Front politique contre Dalein : un ‘’complot’’ en gestation ?

Ils sont nombreux ceux qui se sont interrogés sur le motif de la rencontre de leaders politiques de l’opposition, en dehors de l’UFDG, première force politique d’opposition. Un front politique est en gestation sur l’échiquier politique national.  Sidya Touré, Ousmane Kaba, Bah Oury étaient entre autres leaders politique qui se sont réunis mardi, à Conakry.

Ceux qui n’ont pas compris l’opportunité d cette rencontre ont crié au complot contre Dalein Diallo. Très vite, les communications vont croissant pour anéantir tout soupçon de complot.

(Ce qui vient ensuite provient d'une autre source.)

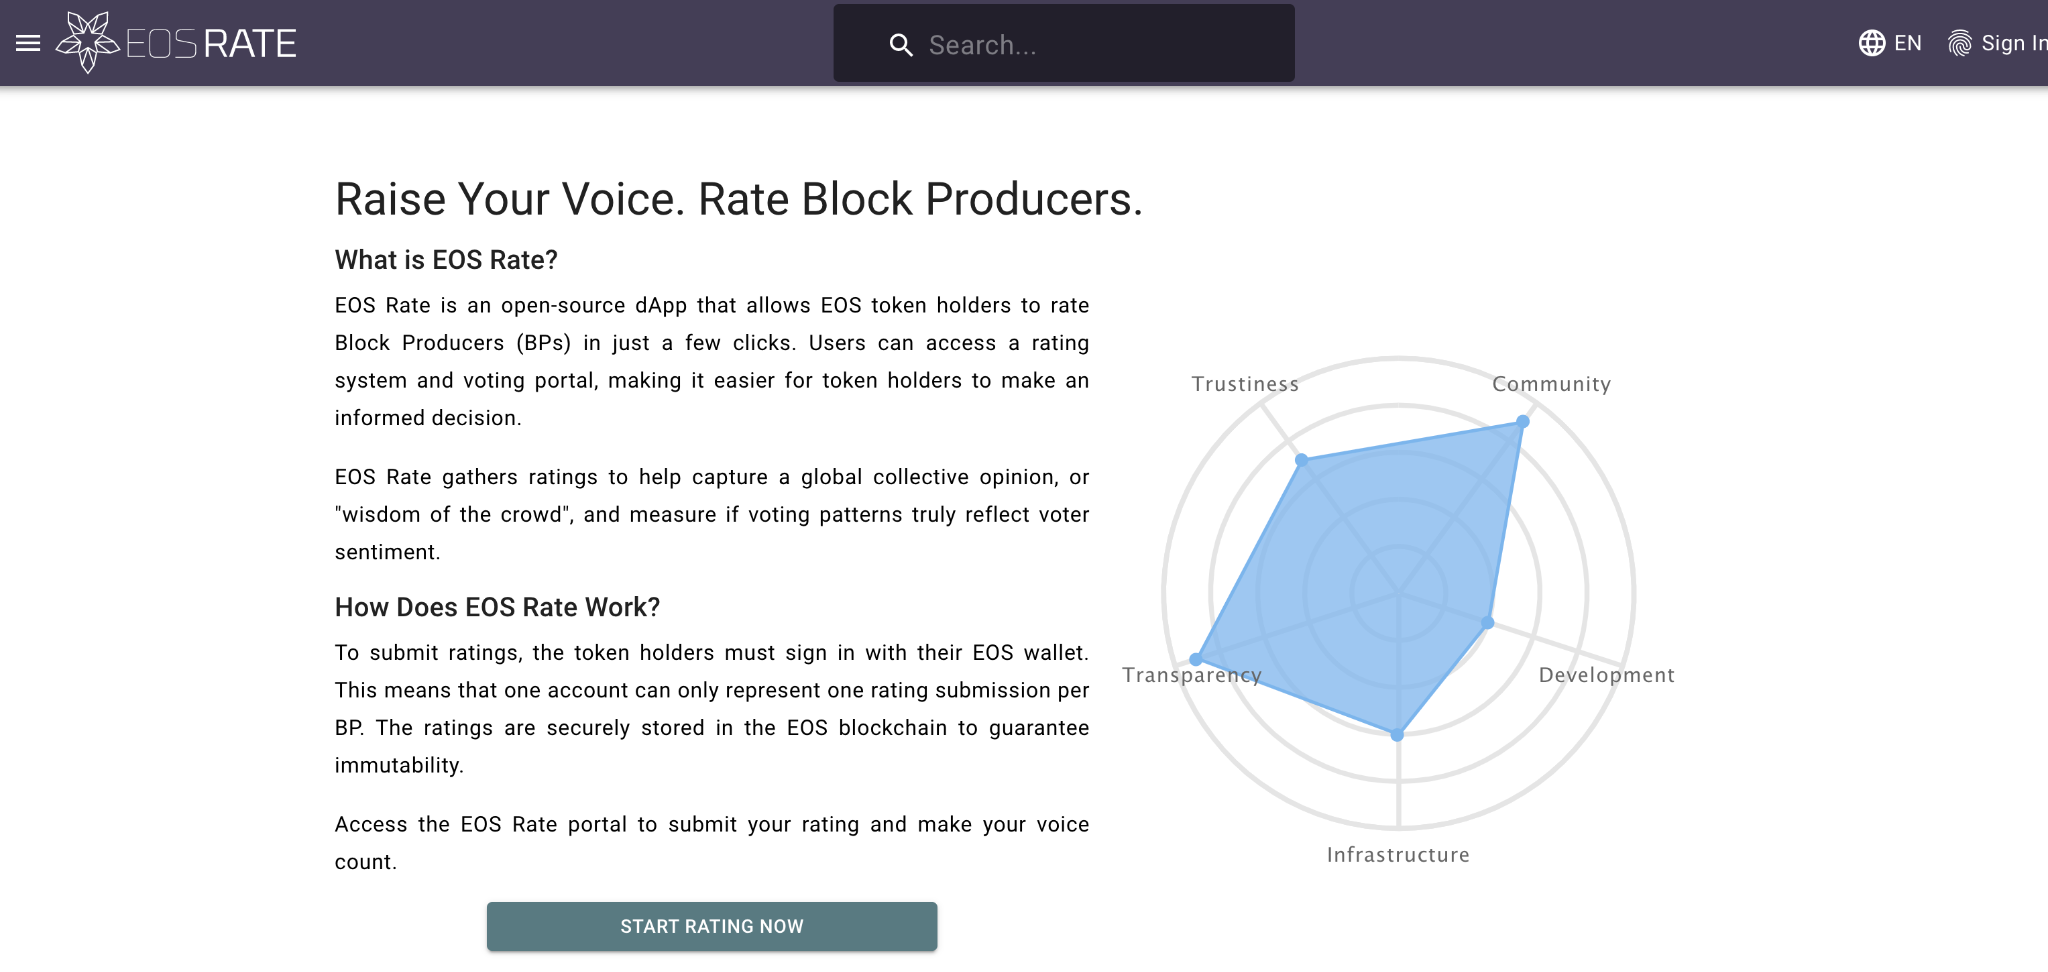 Rate Block Producers

C’est ainsi que Bah Oury, encore lui, a déclaré : « Ce n’est qu’une réunion préliminaire, informelle, de prise de contact et d’échanges, pour savoir comment envisager le conteste actuel et l’évolution démocratique de notre pays. Laissons les choses se faire pas à pas. Il ne faut pas se presser. Il ne faut pas avoir les choses comme si cela doit se construire contre quelqu’un ou contre d’autres. Il faut envisager ce qui va dans le sens de l’intérêt de notre pays, de sa stabilité, de l’approfondissement du processus démocratique et puis de la mise en force des valeurs partagées qui sont : la fraternité entre tous les Guinéens, des dynamiques de réconciliation nationale, des esprits de service public, pour lutter contre la mauvaise gouvernance et veiller à ce que quel que soit ce qui devra être demain, que les Guinéens n’aient plus peur d’alternance ou de processus politique. Qu’on rassure les Guinéens, qu’on rassure l’étranger et qu’on projette pour construire un pays uni, un pays qui doit rattraper son retard dans tous les domaines », lit-on chez nos confrères de Guinée7.com.

C’est donc manifestement « C’est une réunion dite informelle donc, laissez les choses se faire, les gens sont en train de réfléchir, d’envisager comment envisager l’avenir, qu’est-ce qu’il faut construire, comment le construire, quelle méthode faut-il mettre en avant ? Parce qu’il faut éviter les erreurs du passé. Il faut éviter de rentrer dans les clivages qui ne feront que voir cette dynamique comme opposée à tel groupe ou à  tel autre. Moi, je dis ce que je pense, comme je sens et comme je le souhaite. Je veux qu’on définisse le socle minimum sur lequel les projections politiques doivent partager, pour que ce pays désormais avance dans le cadre réel stabilité. »

On est tenté donc de croire que la démarche de ces leaders politiques vise à aller « l’émergence d’un contrat social et politique nouveau. » Au niveau de l’UFDG, il n y a pas encore de réaction.